Question écrite n° 27487 de M. Claude Huriet (Meurthe-et-Moselle - UC)

publiée dans le JO Sénat du 07/09/2000 - page 3057

M. Claude Huriet attire l'attention de M. le ministre de l'économie, des finances et de l'industrie sur le projet de taxe générale sur les activités polluantes (TGAP) que lui a récemment transmis la ministre de l'aménagement du territoire et de l'environnement. Il souligne que ce projet inquiète les industriels de la filière sel car il prévoit d'étendre la taxation sur les déchets aux décharges internes, au taux de 60 francs par tonne pour les déchets non dangereux (déchets industriels banals : DIB) et à 120 francs par tonne pour les déchets classés dangereux (déchets industriels spéciaux : DIS). Cette taxe pourrait alors concerner ce que l'on appelle " le blanc ", qui est un sous-produit minéral généré par le procédé - exploité par les carrières Solvay à Dombasle (Meurthe-et-Moselle) - de fabrication du carbonate de sodium synthétique à partir de sel et de calcaire. Il lui expose que ce sous-produit minéral, constitué de gypse, de calcaire et autres stériles tels la silice et des argiles, stockés en interne dans des digues, est en effet assimilé à un déchet industriel banal (DIB). Il lui fait part de l'impact négatif, aussi bien socio-économique qu'environnemental que provoquerait une telle disposition sur l'activité du site de production de Dombasle. En effet, comme en a conclu le Laboratoire d'analyses de stratégie industrielle rattaché à l'Université de Paris (LASI), lors d'une étude réalisée à la demande de l'Union des industries chimiques : l'application d'une telle écotaxe aurait pour effet pervers de détourner les moyens disponibles des véritables objectifs environnementaux ; les niveaux de taxation envisagés sont hors de proportion avec le dommage à l'environnement. Enfin, l'étude précise qu'un effet correcteur optimal sur les pratiques environnementales ne peut être attendu d'une écotaxe sur les stockage de déchets industriels que si celle-ci est définie par type d'activité et par site et qu'une taxe nationale uniforme ne servirait pas cet objectif. En conséquence, afin de ne pas pénaliser l'industrie du sel, il lui demande de prendre en compte ces arguments et d'abandonner ce projet.

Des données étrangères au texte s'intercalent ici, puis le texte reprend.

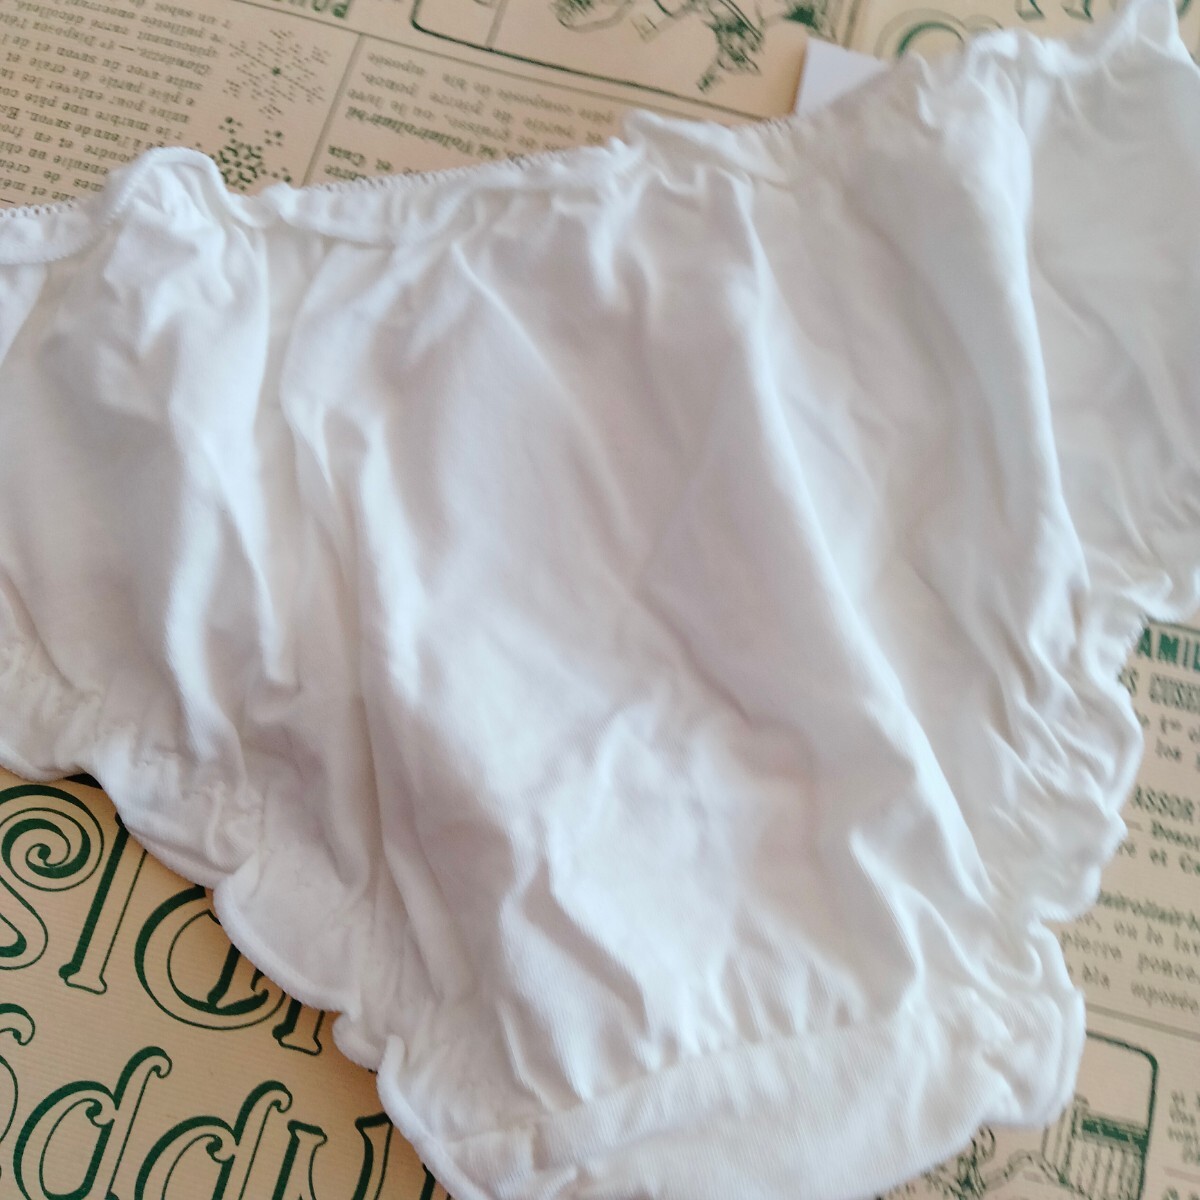 新品未使用 135-667-8 No.C-69 Mサイズ ホワイト綿系カジュアル映え キュート 可愛い パンツ パンティ ショーツ 下着の画像3
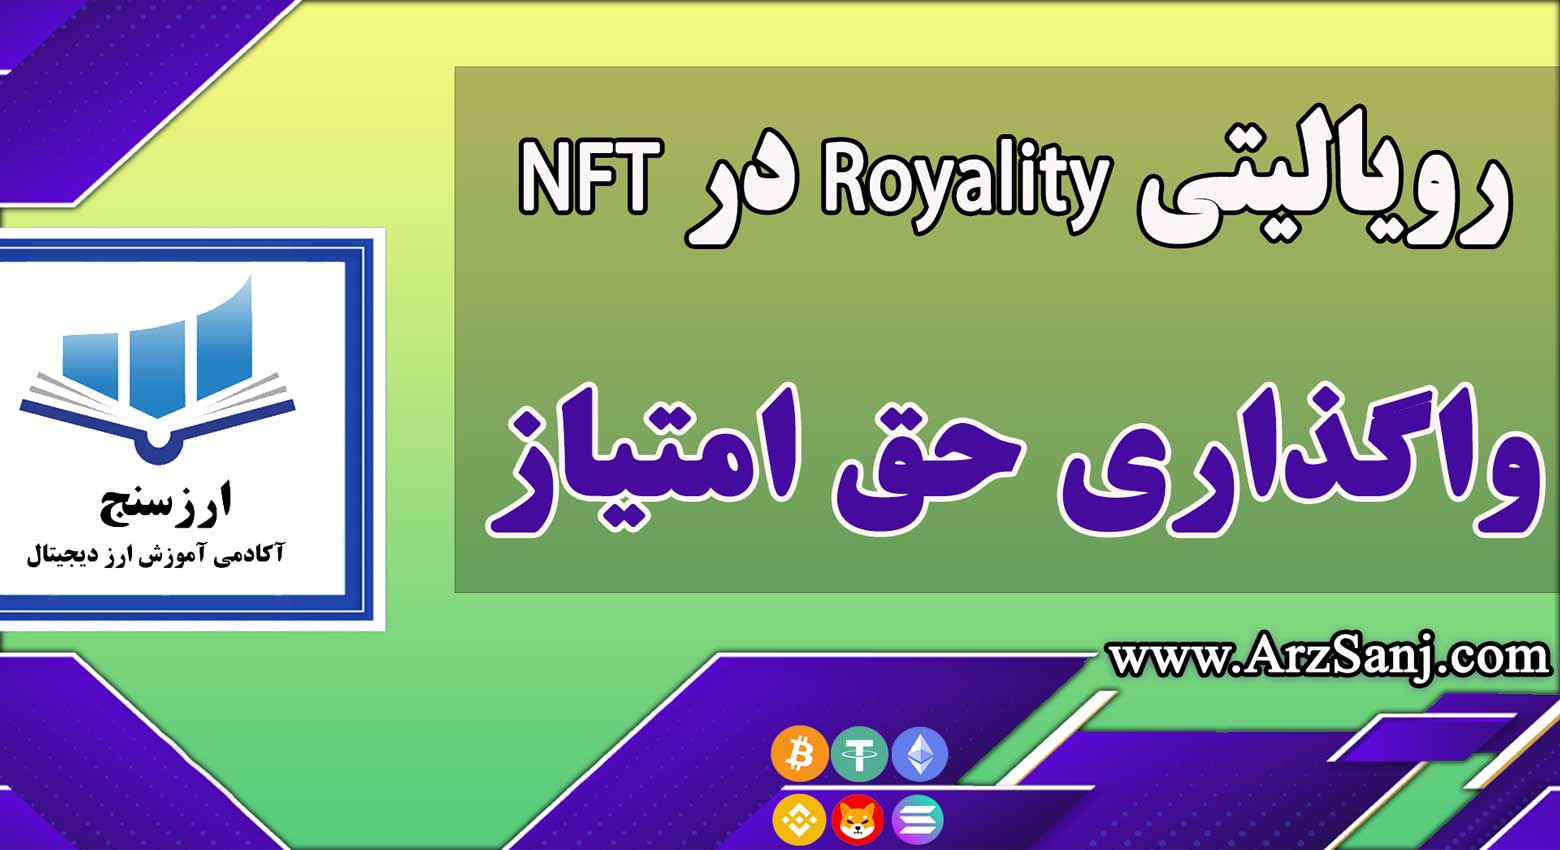 رویالیتی Royality در NFT چیست؟

Réponse du ministère : Économie

publiée dans le JO Sénat du 26/07/2001 - page 2449

L'article 45 de la loi de finances pour 1999 a institué une taxe générale sur les activités polluantes qui s'applique notamment au stockage et à l'élimination des déchets. La taxe est due par les exploitants d'installations de stockage ou d'élimination de déchets industriels, mais les déchets industriels stockés dans une installation exclusivement utilisée par une entreprise pour les déchets qu'elle produit ne sont pas imposables. En effet, compte tenu des difficultés que créerait une telle mesure, le Gouvernement n'a pas souhaité soumettre à la taxe les déchets industriels stockés par les entreprises dans des décharges internes et a privilégié la promotion du recyclage en encourageant la réutilisation et la valorisation des déchets. Cette mesure répond à la préoccupation exprimée.